In sum, a constitutional right to travel internationally clearly exists and courts are willing to uphold it. Yet in this era of heightened global tensions, some worry unfettered travel could harm national security and foreign policy goals, outweighing personal freedom.

As with other conflicts between individual and societal interests, a balancing test is needed. For many citizens, travel abroad is a valued right - economically, educationally, socially. Typically, these personal rights also serve the collective good.

In the Cold War context, maintaining an open passport policy demonstrates democratic principles of liberty. This could even bolster security more than restrictive policies of questionable efficacy. While national security is paramount, curtailing travel freedom requires proof that restrictions directly advance security.

Navigating Passports and Privacy in the Digital Era


With the dawn of the digital age, safeguarding privacy and travel freedoms necessitates revisiting these concerns. Passports serve as both travel documents and identification tools, with a database of SSNs, addresses, and travels potentially enabling extensive surveillance. Furthermore, passports are now essential for nearly all foreign air travel, amplifying Kruger's apprehensions about a "national identity card."

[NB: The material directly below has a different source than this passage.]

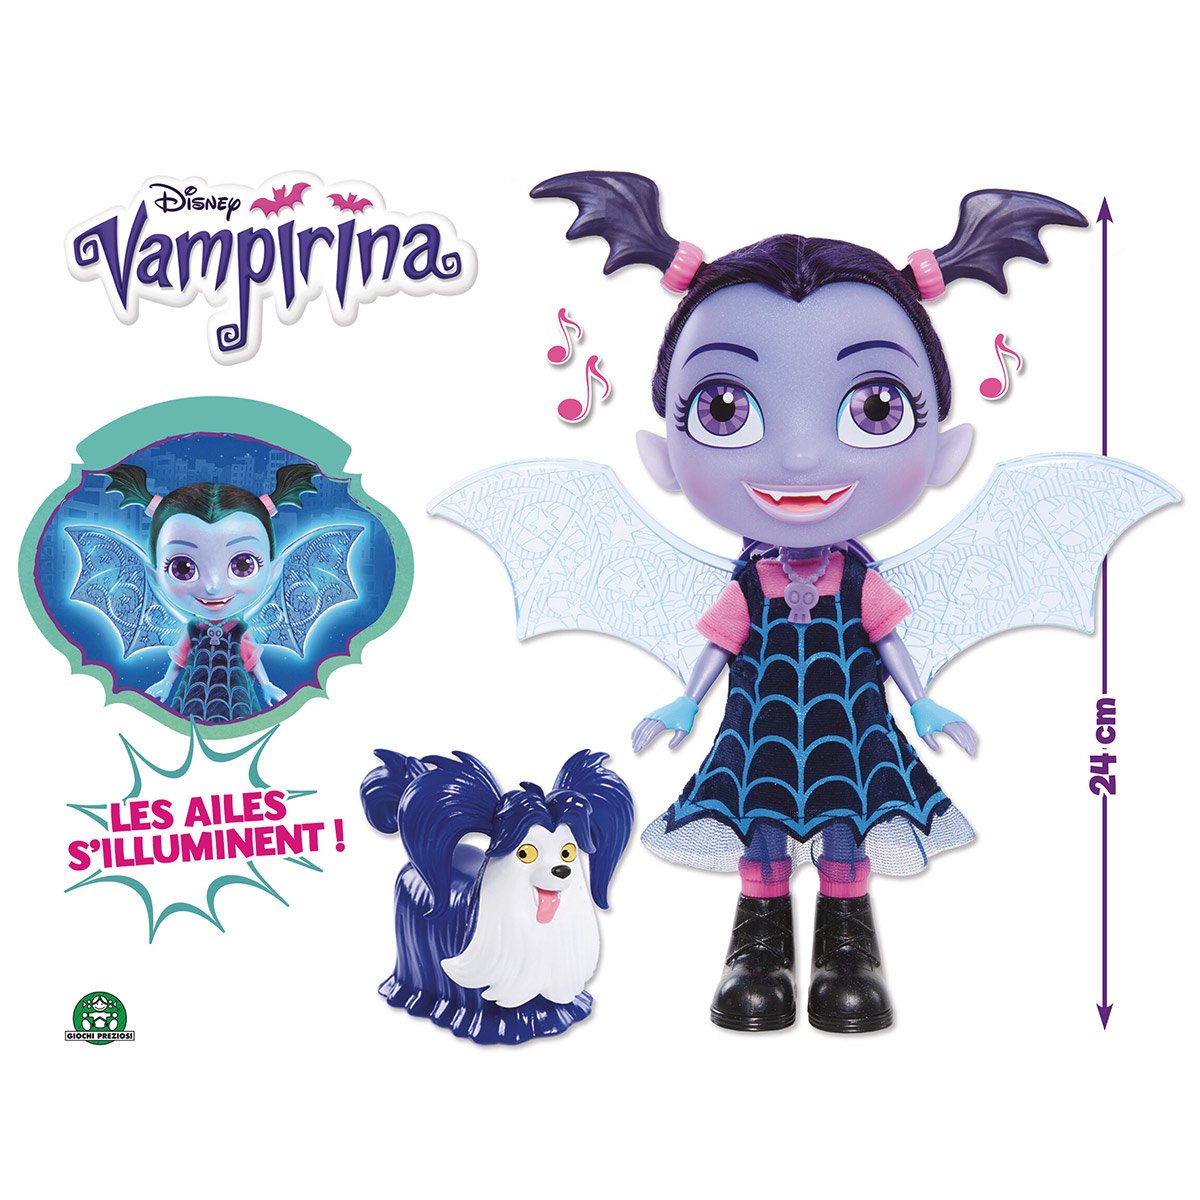 Vampirina - Vampirinia Bat-Poupée 24 cm avec ailes lumineuses et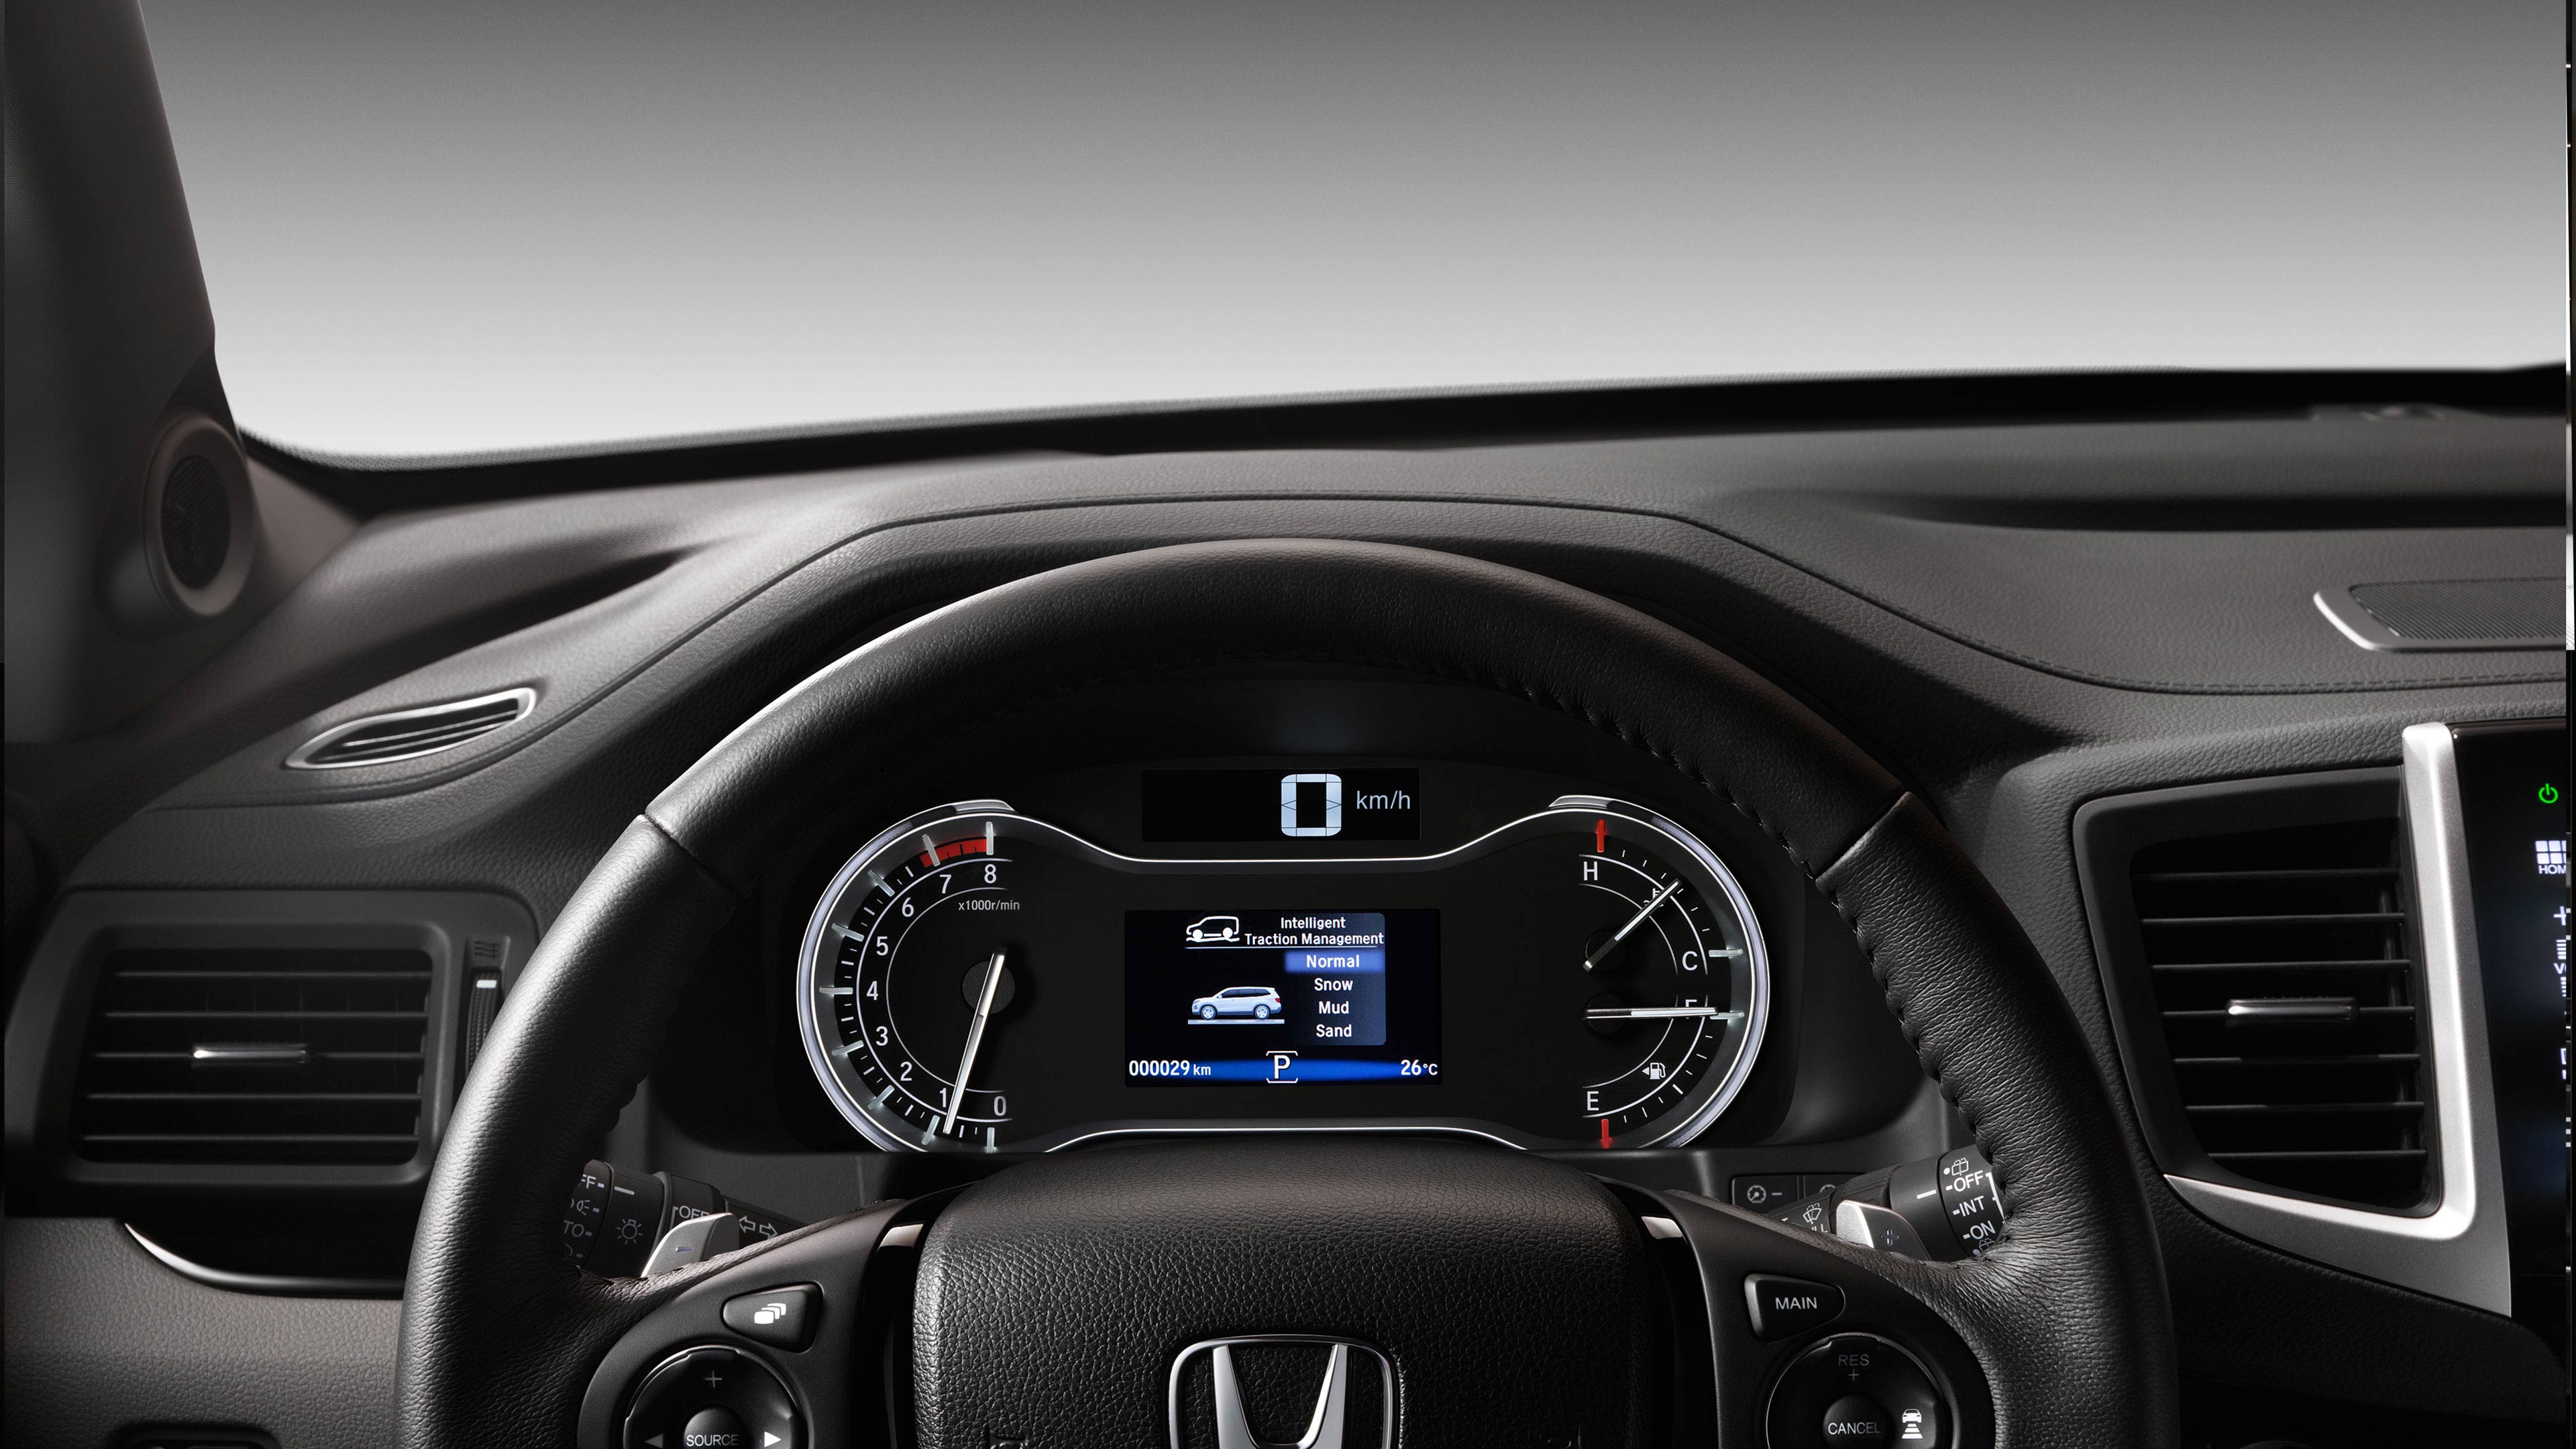 Honda Pilot Ex interior front Dashboard view

While the constitutionality might hold, it remains crucial to establish robust safeguards to thwart the potential misuse of gathered SSNs. The storage of sensitive personal information within government databases raises concerns about the improper exposure of data. Reassessing the rationale behind mandatory SSN disclosure is imperative, particularly in light of present-day circumstances. Passports must steer clear of transforming into instruments for broad-scale tracking or aiding unrelated surveillance.

Underlining this context, 22 U.S.C. §212 underscores that passports are exclusively issued to individuals who possess allegiance to the United States, irrespective of their citizenship status. This statute underscores the primary criterion of allegiance in the passport issuance process.

Kruger concludes by asserting that fundamental values such as privacy and individual freedom are the cornerstones of American democracy. Sacrificing these values for tax enforcement or security undermines our ideals. Thirty years later, his caution against uncritical expansion of disclosure requirements remains relevant. Continually striking the right balance between individual rights and governmental authority becomes imperative as technology grants unprecedented scrutiny. Kruger's article offers valuable insights into harmonizing privacy, travel liberty, and legitimate tax collection in an evolving digital era.
“True freedom is not merely the absence of chains; it's the unyielding spirit that soars beyond constraints, dances amidst uncertainty, and dares to explore the boundless horizons of possibility.”